Personal information
- Full name: Selen Gül Altunkulak
- Date of birth: 2 December 1997 (age 28)
- Place of birth: Valence, Drôme, France
- Height: 1.63 m (5 ft 4 in)
- Position: Midfielder

Team information
- Current team: Toulouse
- Number: 6

Youth career
- 2011–2012: FC Vendenheim
- 2012–2013: Monteux

Senior career*
- Years: Team / Apps / (Gls)
- 2013–2015: FC Vendenheim / 10 / (6)
- 2015–2019: Metz / 23 / (1)
- 2019–2020: Marseille / 4 / (0)
- 2021–2023: Rodez / 26 / (12)
- 2024–: Toulouse / 21 / (33)

International career^{‡}
- 2017–: Turkey / 18 / (10)

= Selen Altunkulak =

Turkish footballer (born 1997)

Selen Gül Altunkulak (born 2 December 1997) is a footballer who plays as a midfielder for Seconde Ligue club Toulouse. Born in France, she represents Turkey at international level.

== Club career ==
Altunkulak played in the U19 youth team of FC Vendenheim in the 2011–12 season and of FCF Monteux in 2012–13 season. Between 2013 and 2015, she was a member of FC Vendenheim again. In the 2015–16 season, she transferred to Metz.

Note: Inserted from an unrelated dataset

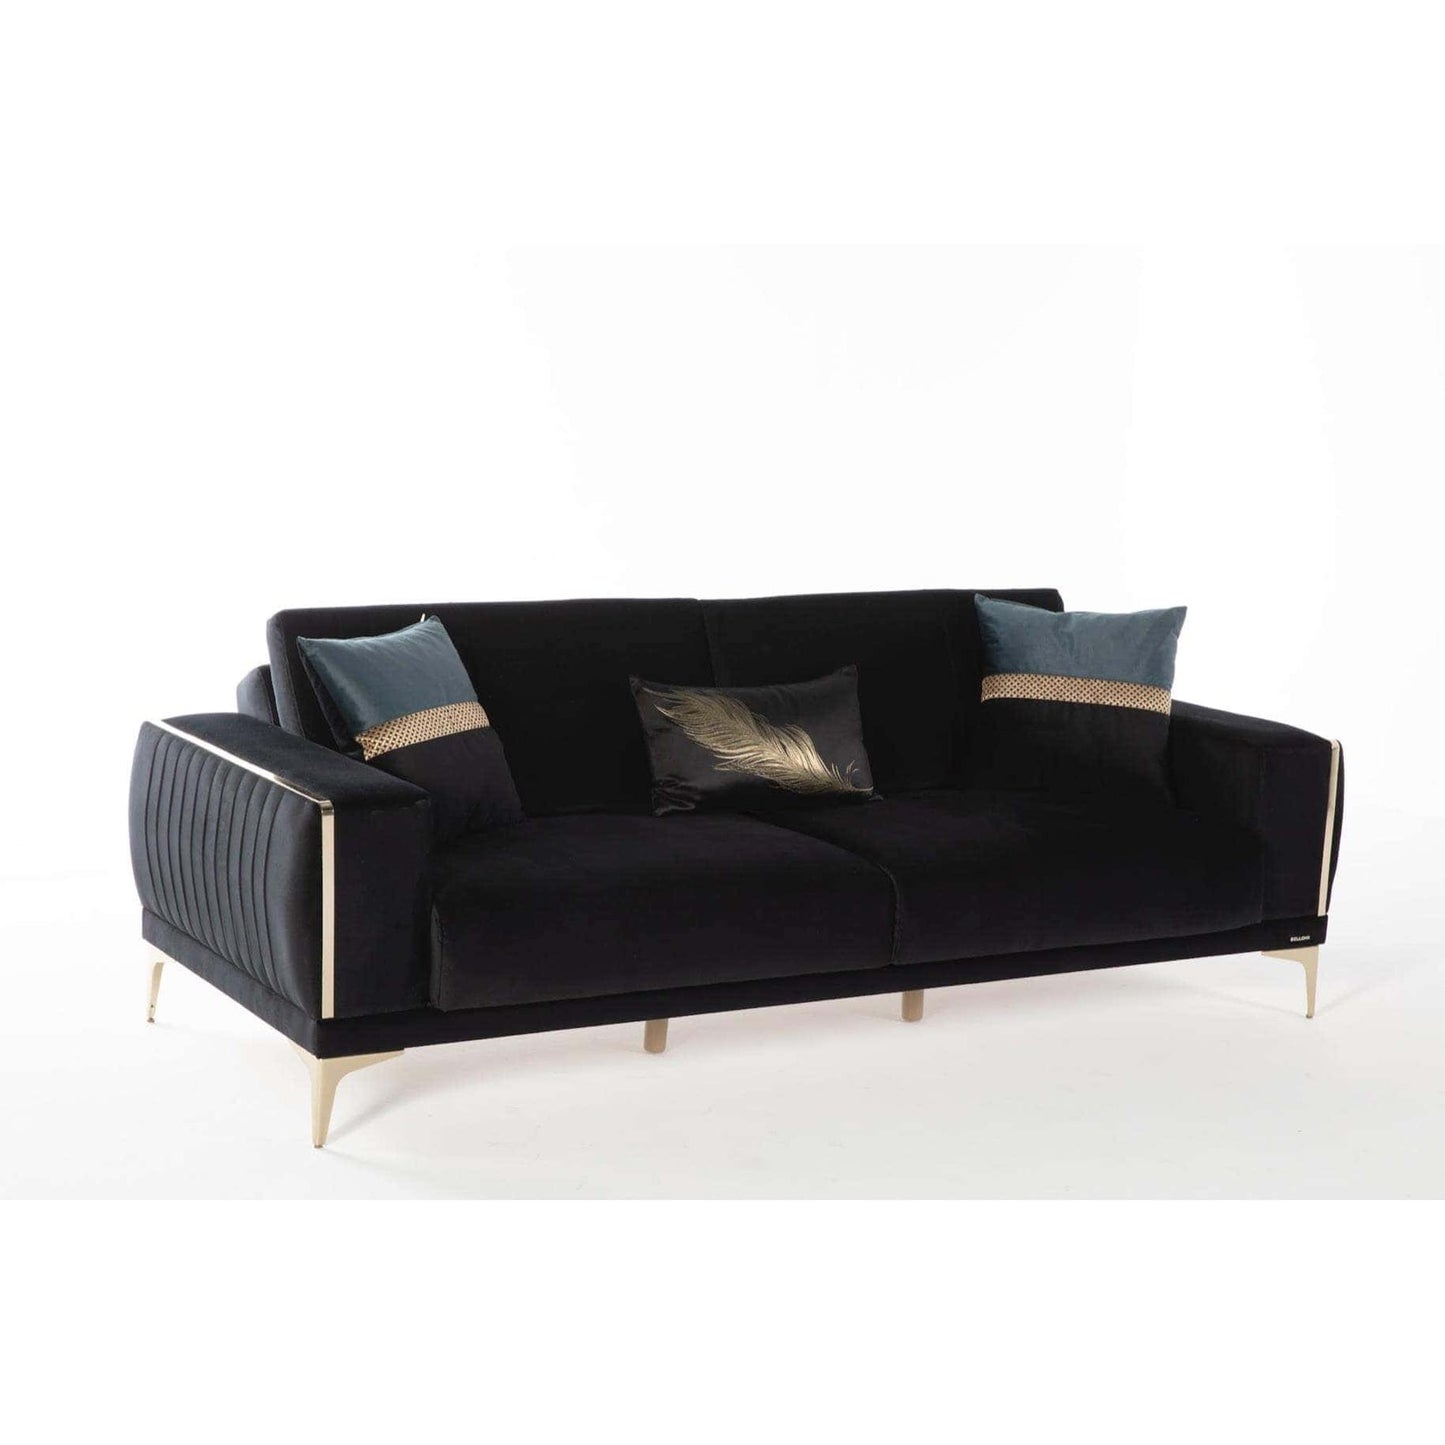 Carlino Sleeper Sofa Bed in Napoly Black

For the 2019–20 Division 1 Féminine season, she signed on 1 July 2019 with Olympique de Marseille, which was recently promoted from the Division 2 Féminine.

She signed with Rodez on 29 January 2022, and played two seasons. On 12 January 2024, she transferred to Toulouse. In the 2023–24 Division 3 Féminine season, she appeared in 21 matches and scored 33 goals. She scored also one goal in two matches of the Coupe de France Féminine.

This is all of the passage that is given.